En arrivant à travers la cour, on se trouve en face d'un petit portail gothique très bien conservé. Pendant une absence de Luther, en 1540 sa femme le fit construire et le lui donna pour son jour de naissance. De chaque côté, dans l'enfoncement des colonnettes, il y a (selon une coutume dont on retrouve la trace dans la ville), un petit siège en pierre, rond, surmonté d'un petit dais. Combien de fois le réformateur et sa femme se sont-ils assis là, regardant les enfants qui jouaient dans le jardin !

A côté, une tourelle contient l'escalier qui conduit au premier étage, et nous entrons dans la fameuse chambre de Luther. Comment analyser ou décrire l'impression que l'on éprouve en y pénétrant ?

Voilà le plancher que Luther a foulé de ses pieds ; voilà le plafond qui a regardé Luther avec ses fleurs et ses petits anges peints dans les caissons en bois. Les murs sont tapissés et réchauffés par les mêmes boiseries. Devant une petite fenêtre (il y en a deux) est un modeste siège en bois double, c'est-à-dire sur lequel deux personnes peuvent s'asseoir vis-à-vis l'une de l'autre. Là, Luther et Catherine de Bora avaient coutume de se reposer, de causer, de délibérer. je m'y assieds et contemple avec respect ce qui m'entoure.

A ma droite est le rebord de la fenêtre sur lequel le grand réformateur et sa femme se sont si souvent appuyés. La fenêtre a encore ses petites vitres rondes, reliées entre elles par les liserés de plomb. Ces fenêtres ne s'ouvrent pas: mais pour respirer l'air ou mieux voir au dehors, on tire une sorte de petit guichet.

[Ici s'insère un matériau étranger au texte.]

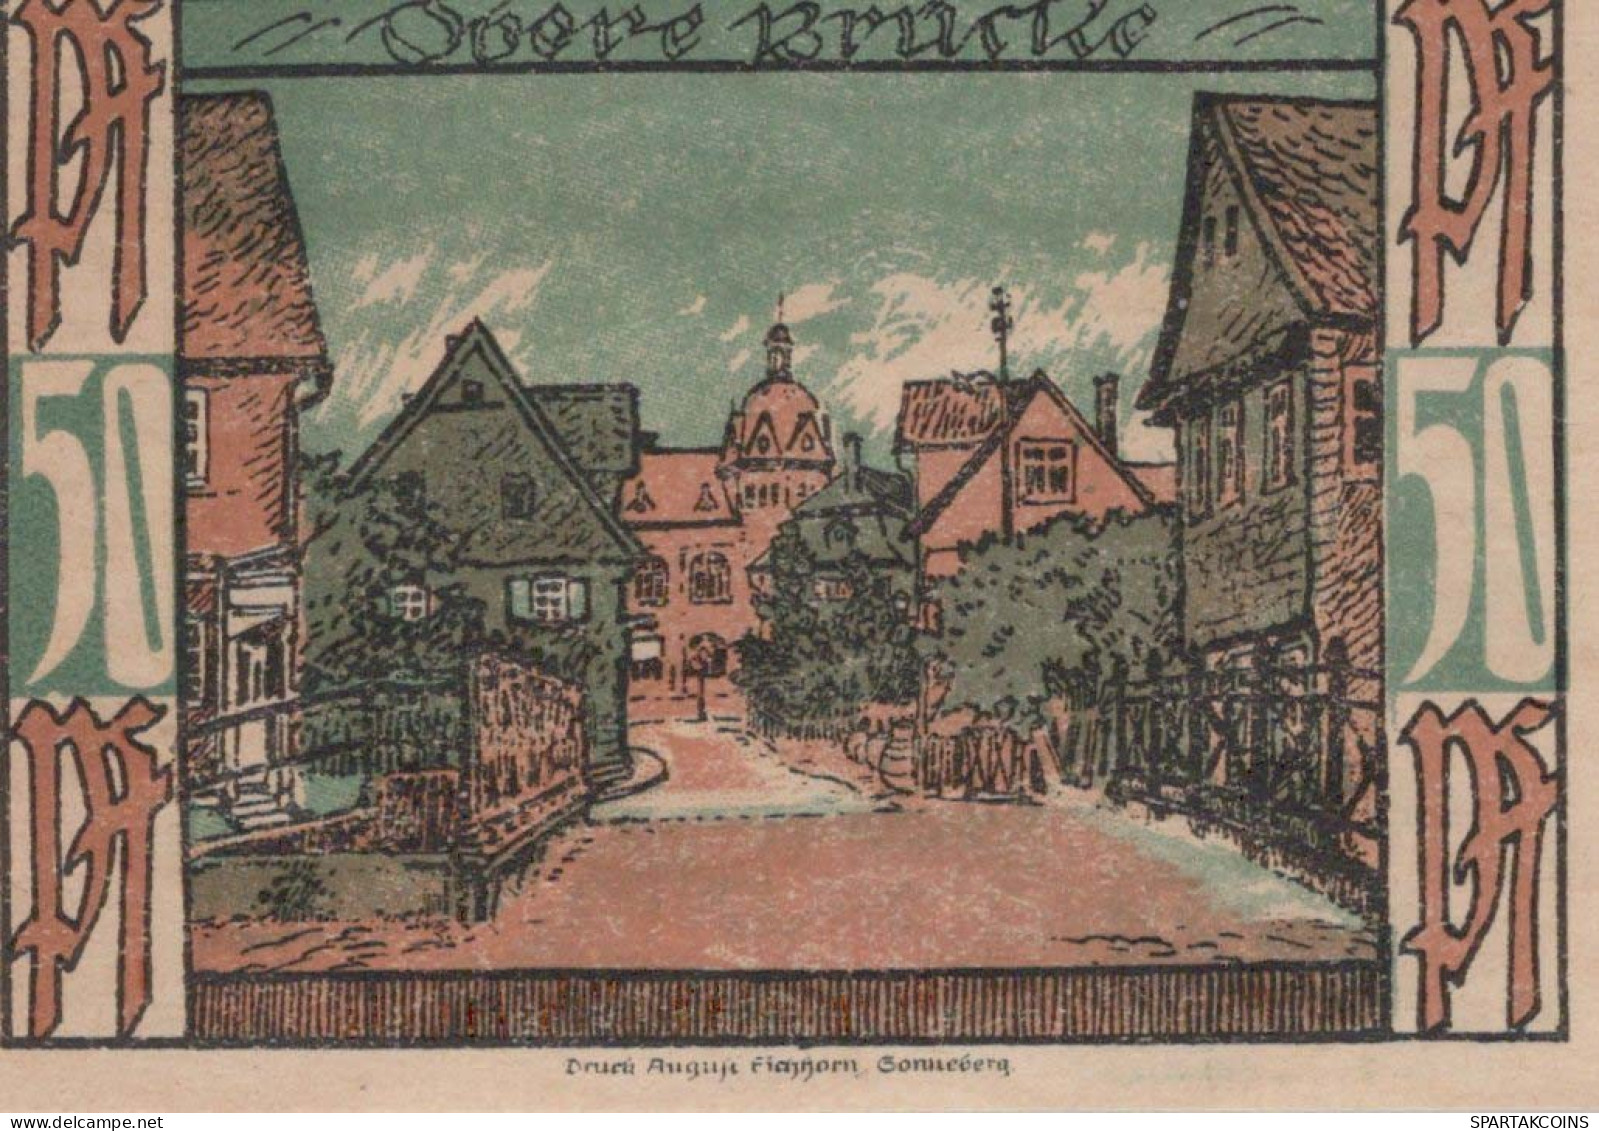 50 PFENNIG 1921 Stadt OBERLIND Thuringia DEUTSCHLAND Notgeld Banknote #PF409 - [11] Local Banknote Issues

A ma gauche est la vieille table carrée, en chêne solide, autour de laquelle se réunissaient la famille, les amis, Mélanchthon, Amsdorf, Bugenhagen, les pensionnaires, les étrangers, les fugitifs, nonnes échappées du couvent, princesses chassées par leur mari à cause de la foi, etc., etc. Les uns sont assis sur des chaises, les autres sur le banc qui règne tout autour de la muraille. C'est l'heure du repas. Selon son habitude, Luther a apporté un livre. Peut-être est ce aujourd'hui le Reinecke Fuchs (le roman du renard) qu'il affectionnait particulièrement. Et il lit, plongé dans ses méditations, pendant tout le temps du dîner, gardant le silence, comme s'il était encore soumis à la règle du couvent. Mais souvent aussi il est gai: il laisse son livre et ne demande pas mieux que de causer. « Qu'est-ce que l'on dit de nouveau ? » commence-t-il. Personne ne répond. « Eh ! prélats, qu'y a-t-il de nouveau dans le pays ? » reprend-il ; et alors, un des convives les plus âgés dit quelques mots, et bientôt la conversation est engagée. On discute. Luther aime assez qu'on soit d'un autre avis que le sien; il oppose de bonnes raisons. On lui soumet quelque passage difficile de l'Ecriture ; ou bien on fait des bouts rimés, ou l'on devine quelque énigme.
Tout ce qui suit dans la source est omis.